Ein anderes Mal half der angeheiratete Verwandte beim Umzug. Er pries sich als den Meister der Packkünste an. Also fing er an, meinen kleinen Fiat zu beladen und ich war ganz erstaunt, was in so ein kleines Auto reinpasst. Ich hatte schon ein richtig schlechtes Gewissen, weil ich zuvor versucht hatte, seine Hilfe abzulehnen. Leider passierte dann doch ein winziges Missgeschick: Onkel Franz hatte noch eine Lücke entdeckt und die Leiter ganz oben in das Auto geschoben. Als die Heckklappe auf Anhieb nicht zuging, half er mit mehr oder minder sanftem Druck nach. Das wiederum hatte zur Folge, dass der Wagen zwar zu war, aber die Frontscheibe der Leiter nicht Stand gehalten hatte.

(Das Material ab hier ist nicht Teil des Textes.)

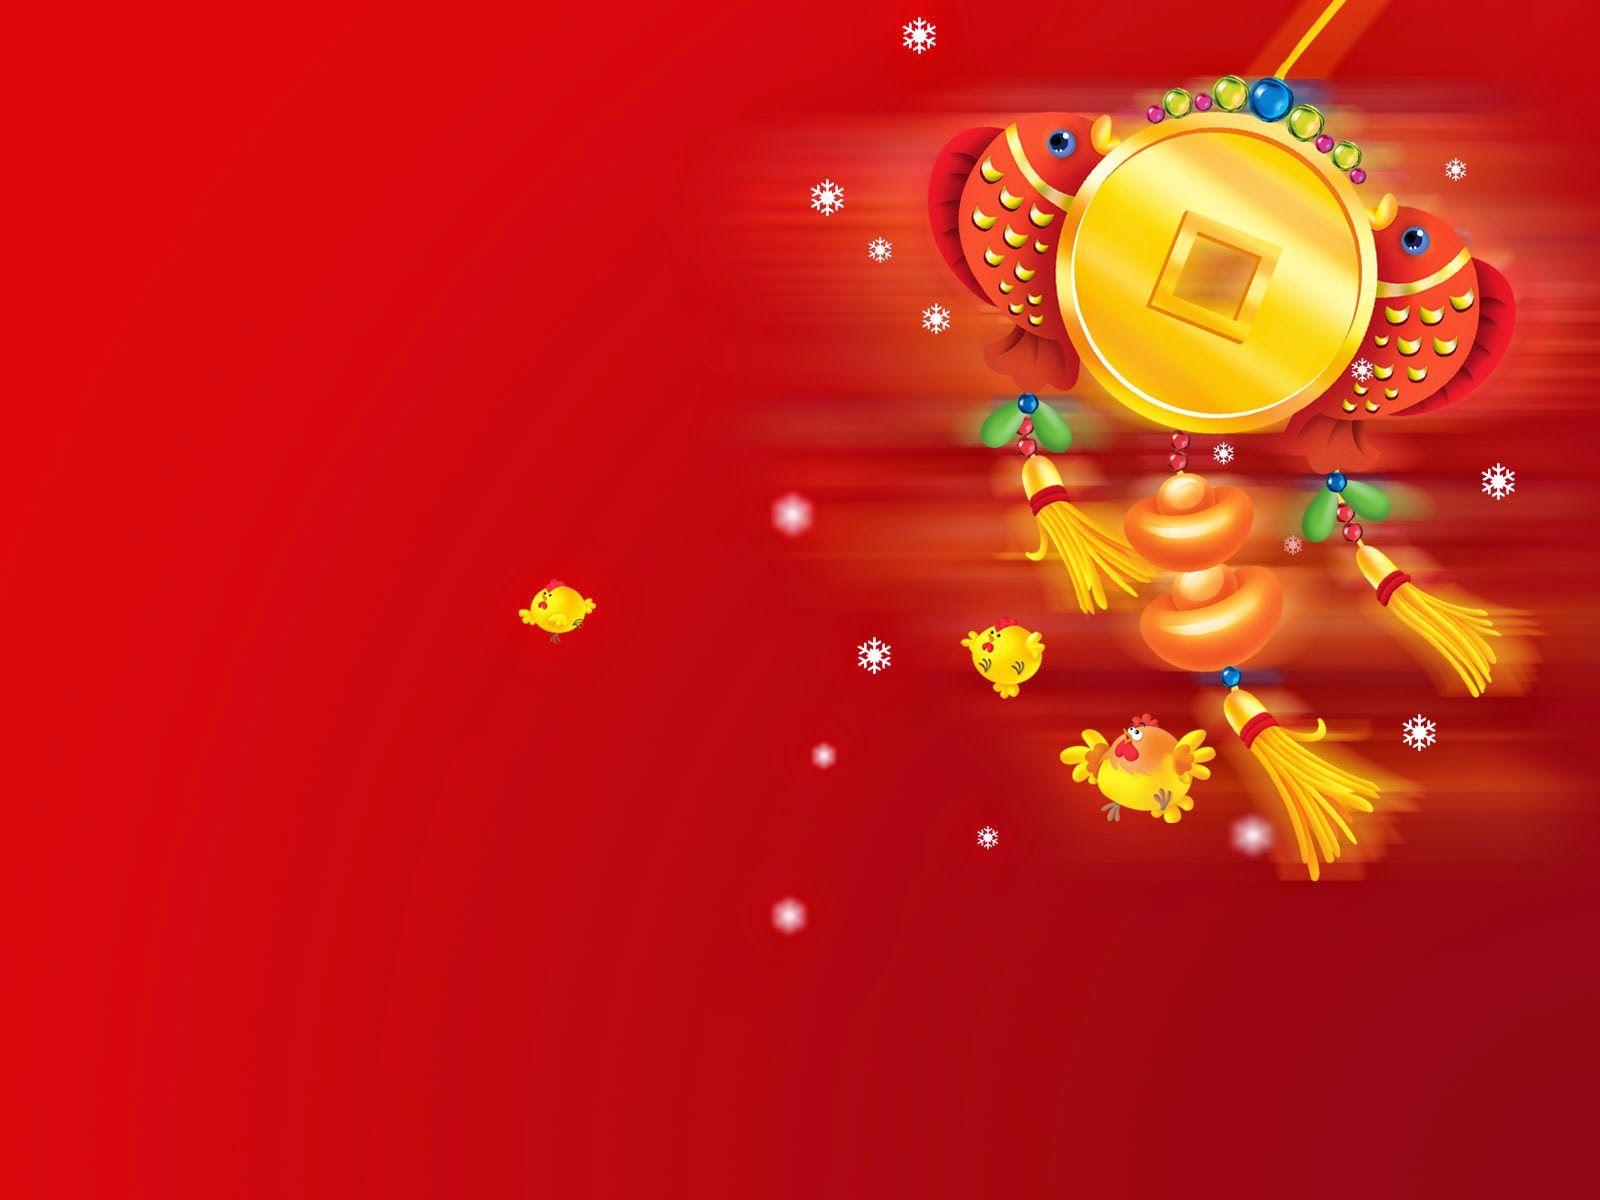 Happy New Year 2015 Chinese

Nie vergessen werde ich den Sommer im letzten Jahr. Onkel Franz hatte sich angeboten, während unseres Urlaubs meinen Garten zu versorgen. „Bitte, nur gießen“ hatte ich ihn angefleht, „Du brauchst nicht mehr zu tun!“
Zum Glück hatte ich 14 Tage Zeit, meine Nerven zu erholen! Als wir nach hause kamen, präsentierte Onkel Franz voller Stolz sein Werk. „Ich habe noch ein bisschen aufgeräumt, Kindchen. Weißt du, ab und zu solltest du auch mal Unkraut jäten.“

Voll böser Vorahnung betrat ich mein kleines Paradies. Also eins musste man ihm lassen, er machte keine halben Sachen. Ich hatte im Internet seltene Blumensamen ersteigert und daraus über Wochen kleine Pflänzchen gezogen. Nach der Auswahl des richtigen Standortes wurden sie an einer der schönsten Stellen im Garten eingepflanzt und gehegt und gepflegt. Und genau dort war jetzt sorgfältig geharkte Erde zu sehen!

Wir haben zwar immer noch Kontakt zu Onkel Franz, aber lediglich zum Kaffee trinken. Schließlich wollen wir ihn ja schließlich nicht ausbeuten!

Eure Sylvia


Ein Kommentar

  1. Diese Geschichte hat mir den Abend gerettet.